Measure the Energy Efficiency of Your Software
Every software system consumes energy through the hardware it runs on. The Software Energy Efficiency (SEE) specification provides a methodology for calculating the energy consumption rate of a software system — a score where lower is better and reaching zero is impossible.
What is SEE?
SEE is a rate — energy consumption (kWh) per one functional unit of work. It gives developers and organisations a clear, comparable number that captures how efficiently their software uses energy. Reducing an SEE score is only possible through actions that genuinely reduce energy consumption: modifying software to use less hardware, use hardware more efficiently, or shift computation to more energy-efficient infrastructure.
Why Energy Efficiency Matters
The SCI specification measures carbon intensity — combining energy, grid carbon intensity, and embodied emissions. By focusing solely on energy, SEE isolates the signal to just energy consumption without the variability of grid carbon intensity in the mix. This is what's needed to truly focus on energy efficiency rather than carbon efficiency — giving teams a clear, undiluted measure of how much electricity their software consumes.
The SEE Formula
SEE calculates energy consumption per functional unit. The formula accounts for facility overhead through PUE (Power Usage Effectiveness), ensuring that cooling, power conversion, and other infrastructure costs are captured.
SEE = E per R
E — Energy
The total energy the software causes to be consumed, calculated as the sum of each component's energy multiplied by the PUE of its facility. Measured in kilowatt hours (kWh).
R — Functional Unit
A quantified performance characteristic that describes how the application scales — per API call, per user, per transaction, per device, or per data volume.
The Software Boundary
The first step in generating an SEE score is deciding what to include in the measurement. The boundary should include all components that significantly contribute to the software's energy consumption.
Compute Resources
All computational hardware — processors, GPUs, TPUs, AI accelerators — performing work within the software boundary.
Host Systems & Idle Capacity
Energy consumed by host machines, memory, and reserved capacity that is idle but provisioned for availability and failover.
Facility Overhead & Networking
Cooling, power conversion, and other facility overhead (captured via PUE), plus networking equipment including routers, switches, and load balancers.

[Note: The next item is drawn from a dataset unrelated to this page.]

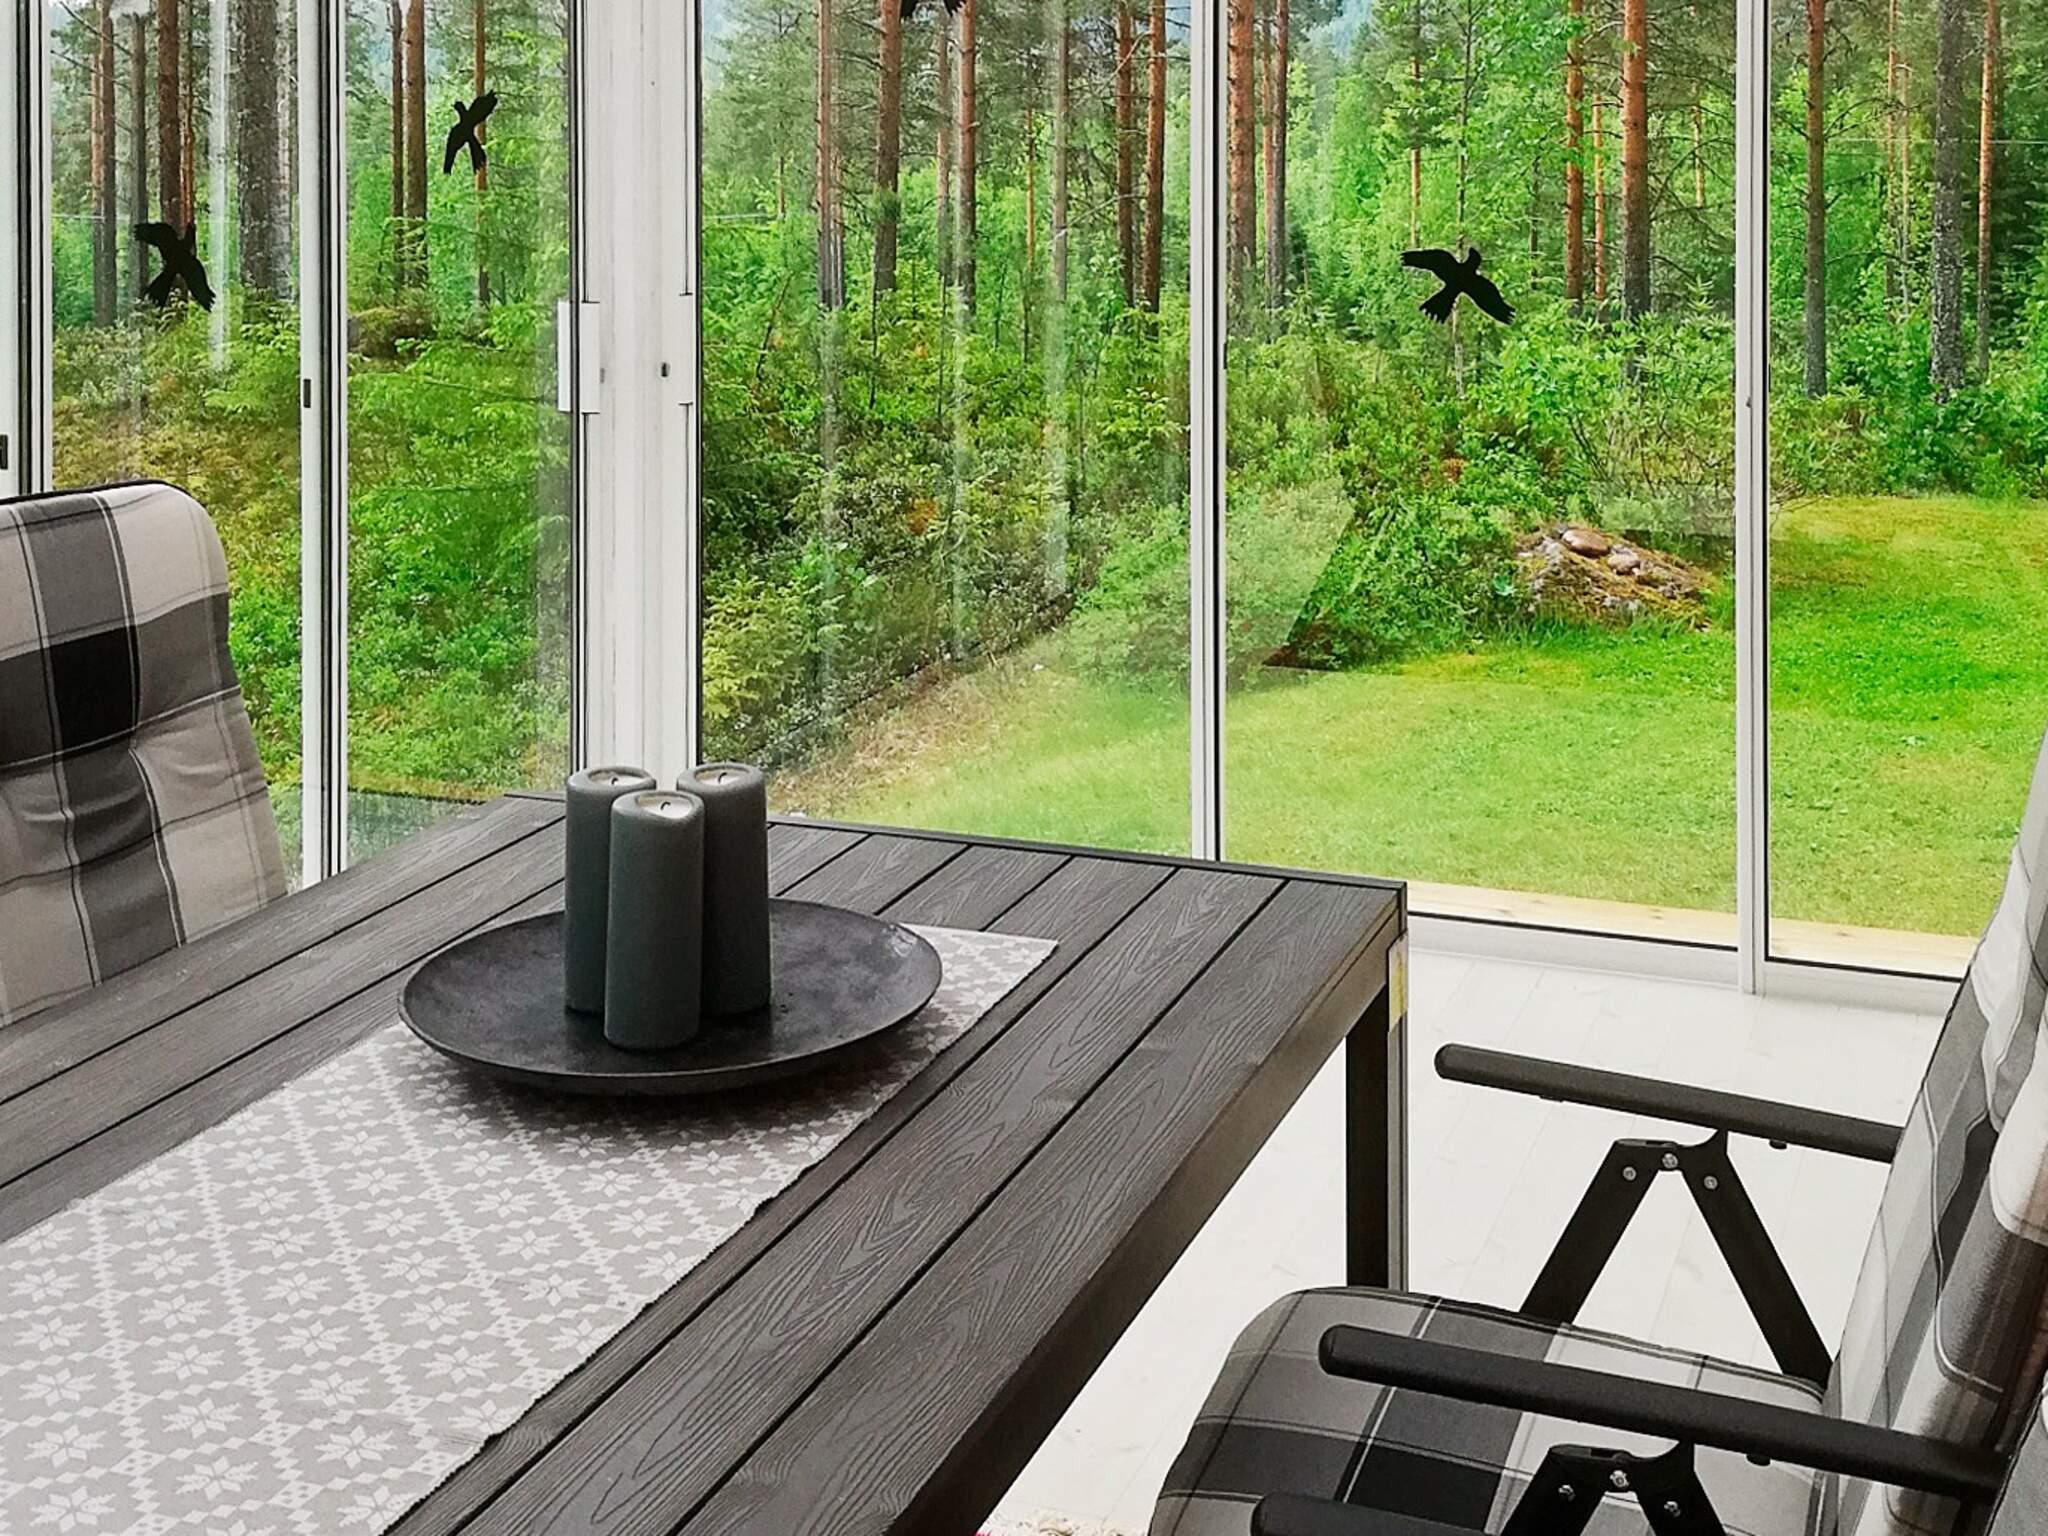 Ferienhaus Ivebo (87165), Östmark, Värmlands län, Mittelschweden, Schweden, Bild 2

Software Sustainability Actions
All actions that reduce an SEE score fit into two categories: energy efficiency (making software use less electricity for the same function) and hardware efficiency (making software use fewer physical resources for the same function). The specification is designed to encourage more of these actions during the design, development, and maintenance of software.
Quantification Methods
There are three approaches to quantifying energy consumption. Each component in the boundary can use whichever approach is most appropriate.
Measurement
Real-world energy data from power monitoring equipment, smart PDUs, hardware sensors (RAPL, NVML), cloud provider energy APIs, or device-level power measurement.
Calculation
Modelled energy consumption using hardware specifications, TDP ratings, utilisation metrics combined with power curves, or vendor estimation tools.
Coefficients
Published energy values such as cloud provider data per instance type, industry-standard coefficients for hardware, or third-party SEE scores for subcomponents.
Reducing an SEE score is only possible through actions that reduce energy consumption. This can be achieved by modifying a software system to use less physical hardware, use hardware more efficiently, or shift computation to more energy-efficient infrastructure.